In 1999, by analysis of 85 unrelated subjects with severe insulin resistance, all coding exons of PPARγ1 and PPARγ2 were studied and new missense mutations in the ligand-binding domain of PPARγ were found in only two subjects.³⁰ The lipodystrophic features of those individuals were not reported at that time. In 2002, the direct link between FPLD and PPARγ was reported by two groups.^31,32 In 2003, a close evaluation of patients with the first PPARγ mutations revealed the presence of a partial lipodystrophy phenotype,³³ demonstrating how lipodystrophy can be missed during routine physical examination. Additional techniques for fat measurements (e.g. MRI) are needed to improve diagnostic accuracy, particularly in men. Since the association of PPARG with lipodystrophy, this syndrome has been annotated as FPLD3. To date 14 patients have been reported to have mutations in PPARG gene causing FPLD3.³⁴ Interestingly, it was recently shown that use of MRI measurements and quantification of lower extremity subcutaneous fat depots in patients with FPLD2 and FPLD3 distinguished between these two forms.³⁵ This corroborated the impression that there is a difference between the two and showed that subcutaneous fat loss in FPLD2 subjects was greater than in FPLD3 individuals (Fig. 3).

Other FPLDs

Recently, by screening genomic DNA from 104 unrelated subjects with severe insulin resistance for mutations in genes that are implicated in insulin signalling, George et al. identified a missense mutation in the serine/threonine kinase gene AKT2 in one Caucasian proband who had a lipodystrophic phenotype.³⁶ This finding is consistent with the recent finding that AKT2 knockout mice develop severe diabetes and age-dependent loss of subcutaneous fat.³⁷ Although AKT2 can cause lipodystrophy, the prevalence of AKT2 mutations in a cohort of lipodystrophic patients was shown to be insignificant.³⁸

Therapeutic strategies

With respect to therapeutic strategies, current options are largely limited to managing metabolic abnormalities with drugs for treatment of hypertension, diabetes and dyslipidaemia.

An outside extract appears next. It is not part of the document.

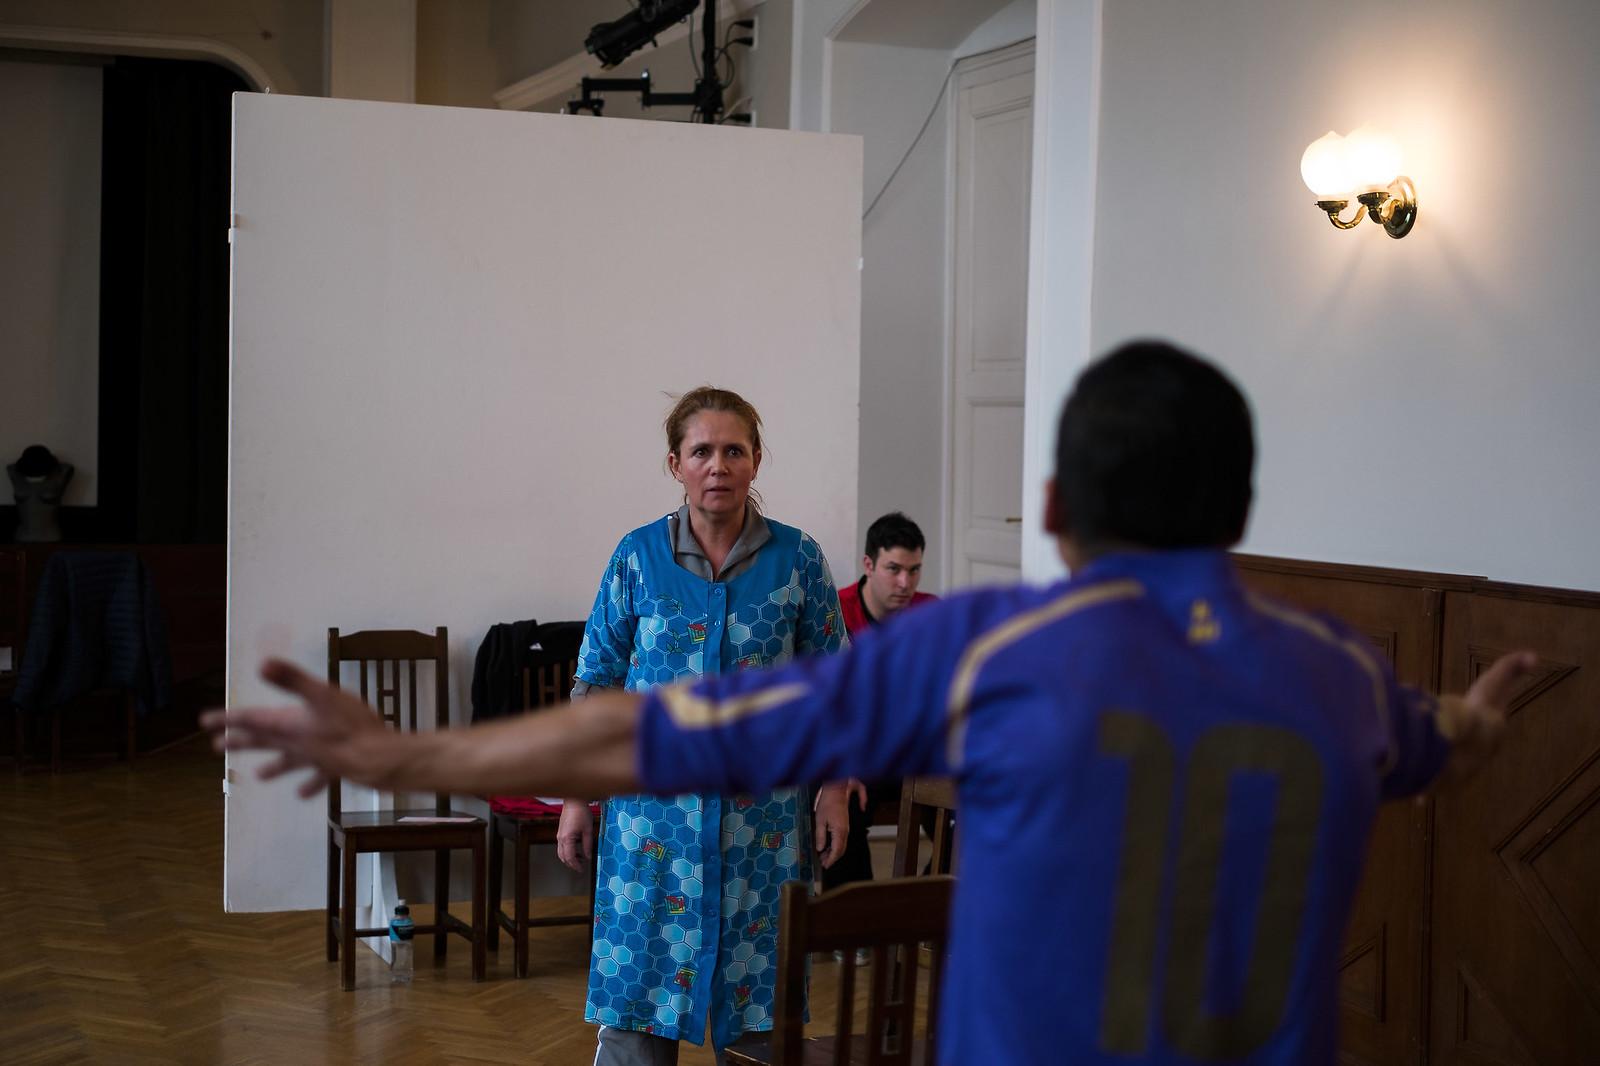 Carlo nevelőjével, a nénjével konfrontálódik | Fotó: Magócsi Márton

However, targeted interventions are emerging. First, administration of a specific adipokine, such as leptin, in lipodystrophic patients was shown to induce sustained improvements in glycaemia, dyslipidaemia, and hepatic steatosis.^39,40 Long-term effect of this treatment modality is currently being addressed in several centres and is very promising. A second option may be transplantation of subcutaneous fat. In fact, white adipose tissue transplantation has been shown to be effective in leptin-deficient mice.^41,42 These mice were prevented from becoming obese and had normal insulin levels. It is too soon to determine whether adipose transplantation will be effective in lipodystrophic patients. Finally, an attractive option for treating lipodystrophic patients might be the use of gene therapy. However, this therapeutic area remains unexplored at this time.